Where is my father’s Bible? It has lain unused by me for thirty years. Bring the Bible here! I will read and throw my own thoughts off course. Simply start here (134).
As he reads, he criticizes each passage. Yet, simultaneously, the scene grants not only the feeling of a higher judgment passed on Allain himself, but also Allain’s realization of his impending loss of power. Additionally, the Venusians have God-like capabilities to interrupt all communication on Earth at once. They speak to the entire world in one commanding voice. Analogous religious references would later disappear from science fiction in East Germany, due to the official atheist stance of Marxism–Leninism. Here, they provide the promise of collective transcendence similar to that guaranteed by National Socialism, but now to those who are making the transition to the socialist cause.20
Unlike Becher’s novel from 1931, post-war Germany partakes in a peaceful, international socialist revolution upon the arrival of the Venusians. Their society itself is not described in terms of class warfare, but rather in humanist terms. Their laws are based upon the concepts of honesty, reason, and equality and are, in the Venusian Ereaya’s words, “the true laws of Nature, which are all encompassing” (107). If humanity adopts the new technology, the complete visibility of all individual thought will render war impossible. Protests as to the anti-democratic nature of such measures are rendered inconsequential as they come from the mouth of the American Defense Minister (135). ← 60 | 61 → The Golden Sphere stresses that the individual benefits brought by the Venusian technology outweigh any loss of personal freedom.

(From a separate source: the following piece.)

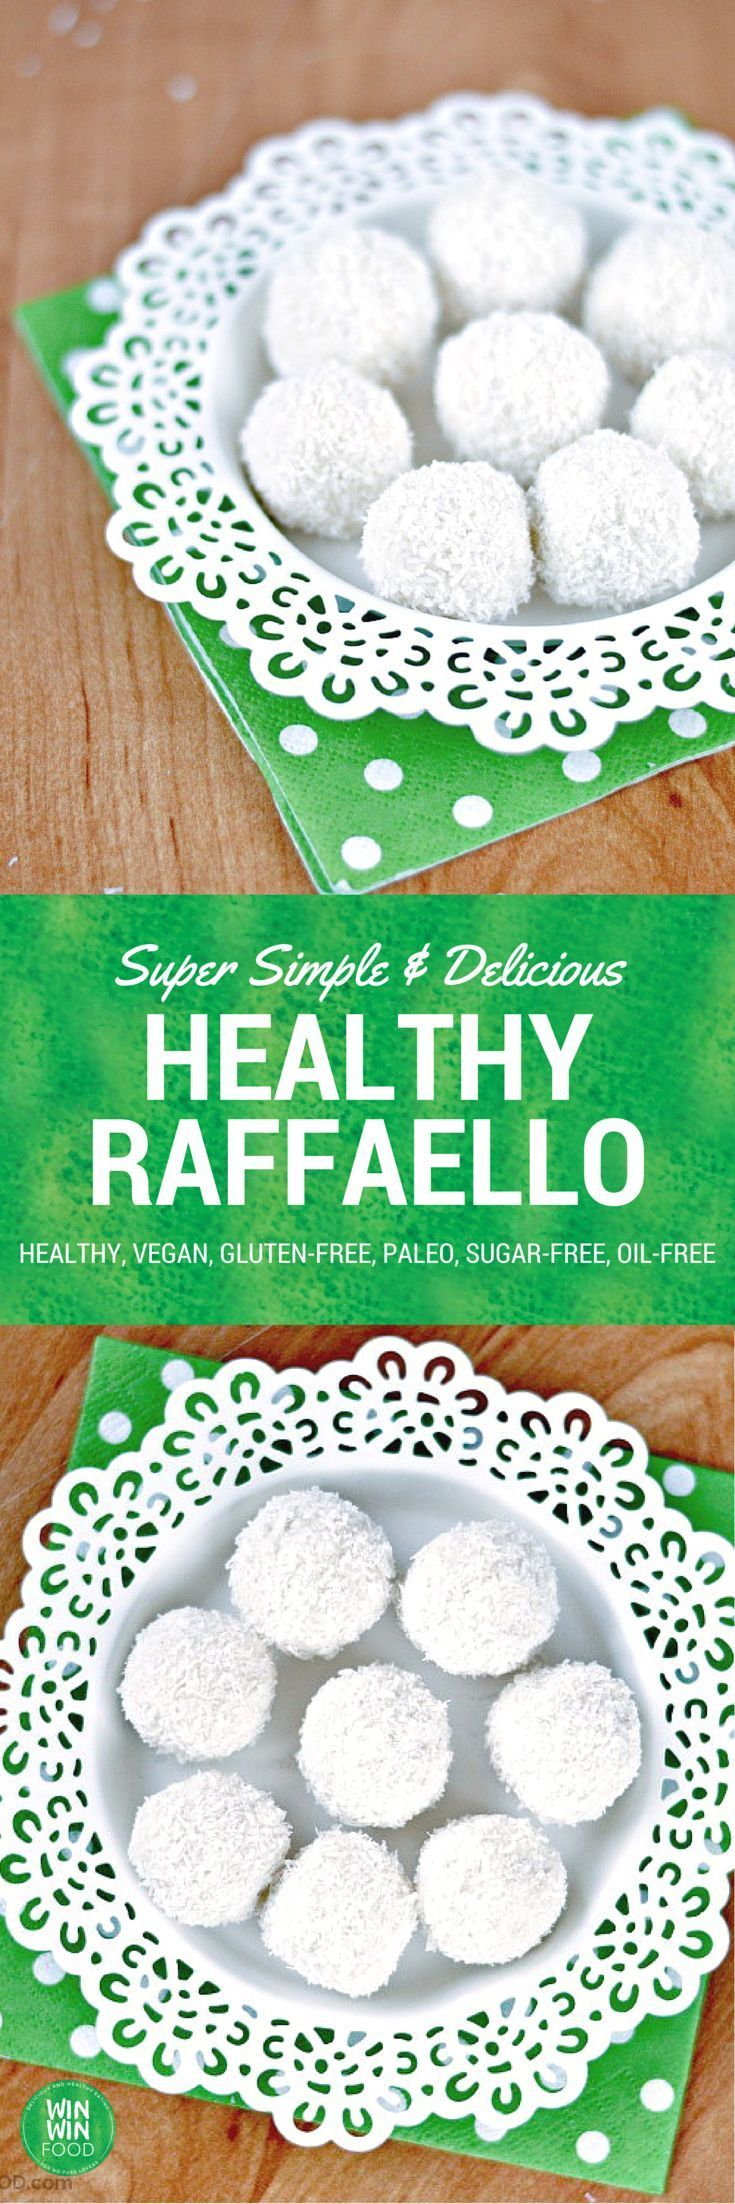 Healthy Raffaello | WIN-WINFOOD.com #healthy #vegan #sugarfree #glutenfree #oilfree #paleo

With the introduction of new technology come several intertextual references to Kurd Lasswitz’ stories “Bis zum Nullpunkt des Seins” (To the Zero Point of Existence, 1871) and “Gegen das Weltgesetz” (Against World Law, 1871). A central characteristic of “To the Zero Point of Existence” is the Ododion or Geruchsklavier (Scented Piano). The harmonious music coming from the scented piano engages its listener, not only with sound, but also with smell. The ever-playful Lasswitz included a similar instrument, the “brain organ” (Gehirnorgel) in his second story “Against World Law”. The music emanating from the Venusian ship has a similar effect to Lasswitz’ musical inventions. Its soothing, hypnotic qualities are emphasized at several points, particularly during a concert inside the ship itself. Much like Lasswitz’ stories, the magical and mysterious qualities of music remain unexplained as opposed to the lengthy technical descriptions of Dominik and early GDR science fiction. Likewise, the inclusion of music and literature in The Golden Sphere, echo Lasswitz’ emphasis of the role of critical literature to the development of humanistic values. The fine arts rarely found a place in early GDR science fiction.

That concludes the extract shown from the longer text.